Some people with AS delay seeking help because over-the-counter anti-inflammatory drugs are effective initially, then stop working because they are inadequate to treat the level of pain.
“The thing that caught my attention,” Mandelin said, “is that her back pain has these inflammatory features ... she had trouble first thing in the morning and improved after she moved.” The opposite would be true if her pain was the result of an injury: rest would lessen the pain.
“And there was no inciting event,” such as an injury, he noted.
Early diagnosis and treatment are important, Mandelin said. “Intervening early and aggressively has the best chance to control the disease” and reduce damage to the spine and other parts of the body.
To help confirm the diagnosis, Mandelin ordered blood tests, including one for HLA-B27, a protein found on the surface of white blood cells that increases the risk of developing AS but is not a screening test.

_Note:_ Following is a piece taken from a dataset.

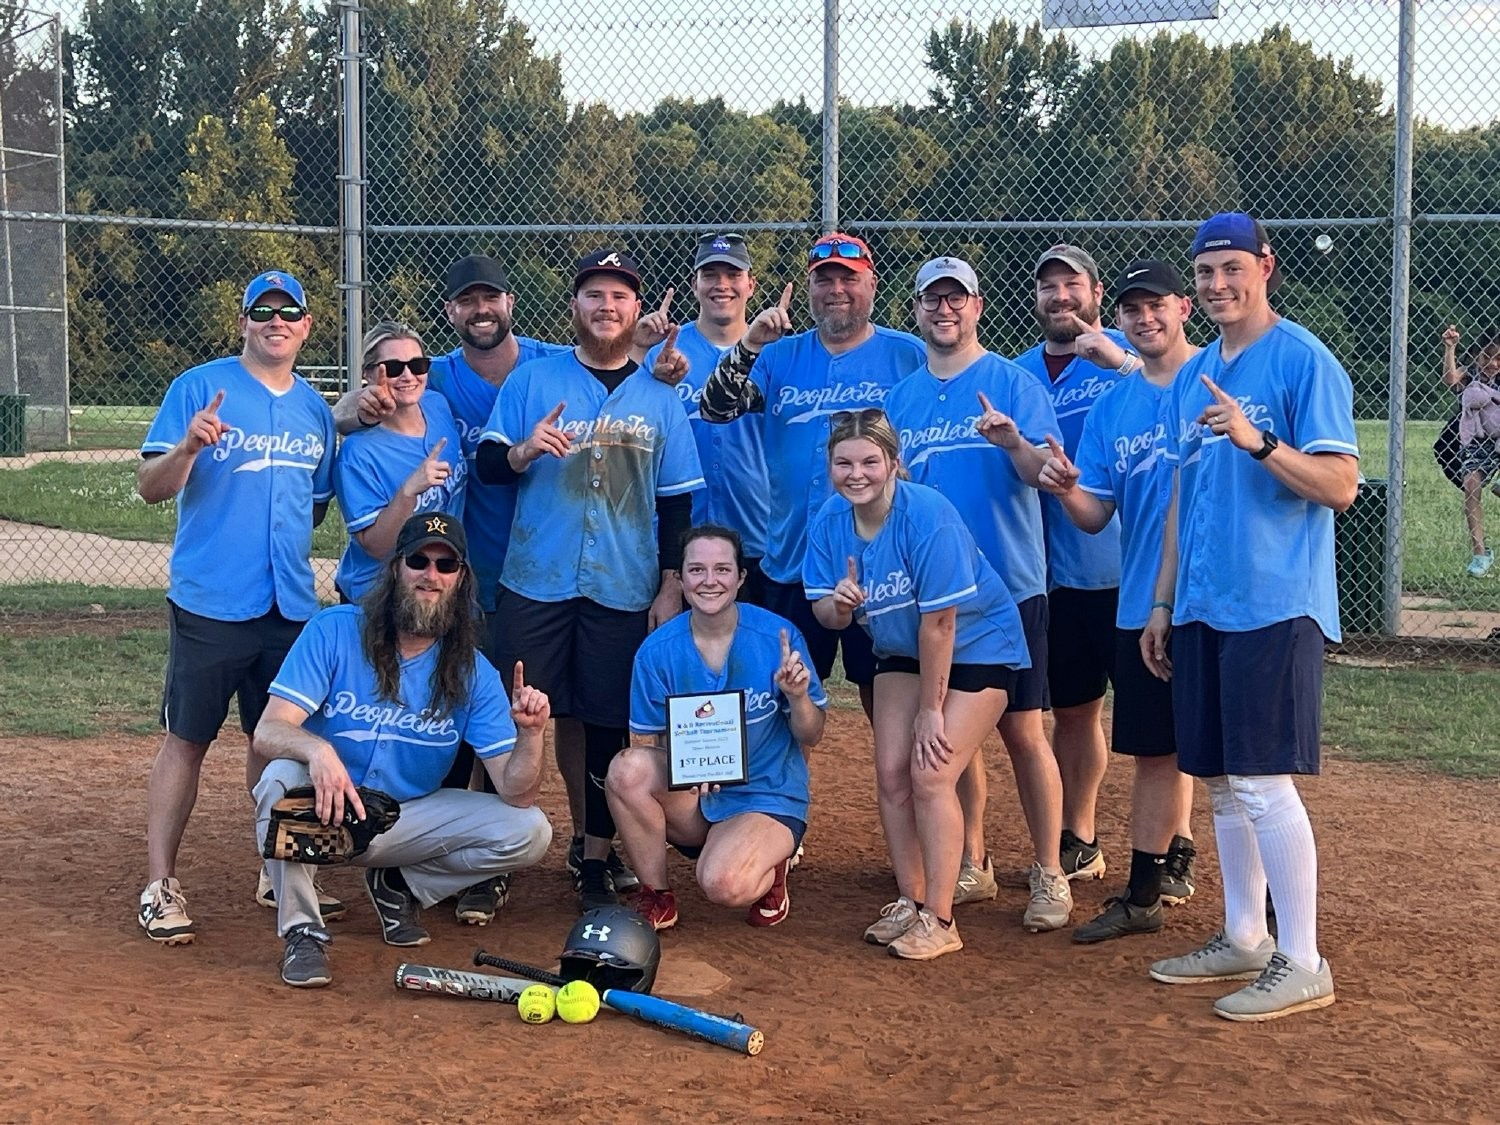 Team PeopleTec, your 2023 Research Park League Softball Champions!

Gervais, whose test was negative, said she was elated to receive a provisional diagnosis and even happier shortly after starting a potent anti-inflammatory drug called indomethacin.
“It was literally life-changing,” she said. Within days “I could bend forward like a normal person.”
Her “exuberant” response to the drug was the clincher for Mandelin. “That was impressive,” he said. “In rheumatology, we have very, very few blood tests that are gold standard reliable.”
But Gervais was unable to tolerate the drug, which left her dizzy and confused. “I’d find myself just staring at my desk in a total fog,” she recalled.
She began receiving biweekly injections of Humira instead. The drug suppresses the immune system and is used to treat other forms of arthritis and Crohn’s disease, which sometimes accompanies AS.
“We were looking for medication that would keep things on a low simmer,” Mandelin said. The drug has worked well for Gervais, who has not experienced side effects. Her condition has remained stable for the past decade, said Mandelin, who sees her every six months.
Gervais said she now moves without difficulty. She walks five miles a day and works out three times a week without pain.
“I’m good — really good,” she said. A brief flare several months ago triggered by gardening left her wondering how she managed all those years.
“What stands out is the incredible frustration of not getting a valid diagnosis,” she said. “Why is it that nobody put it together?”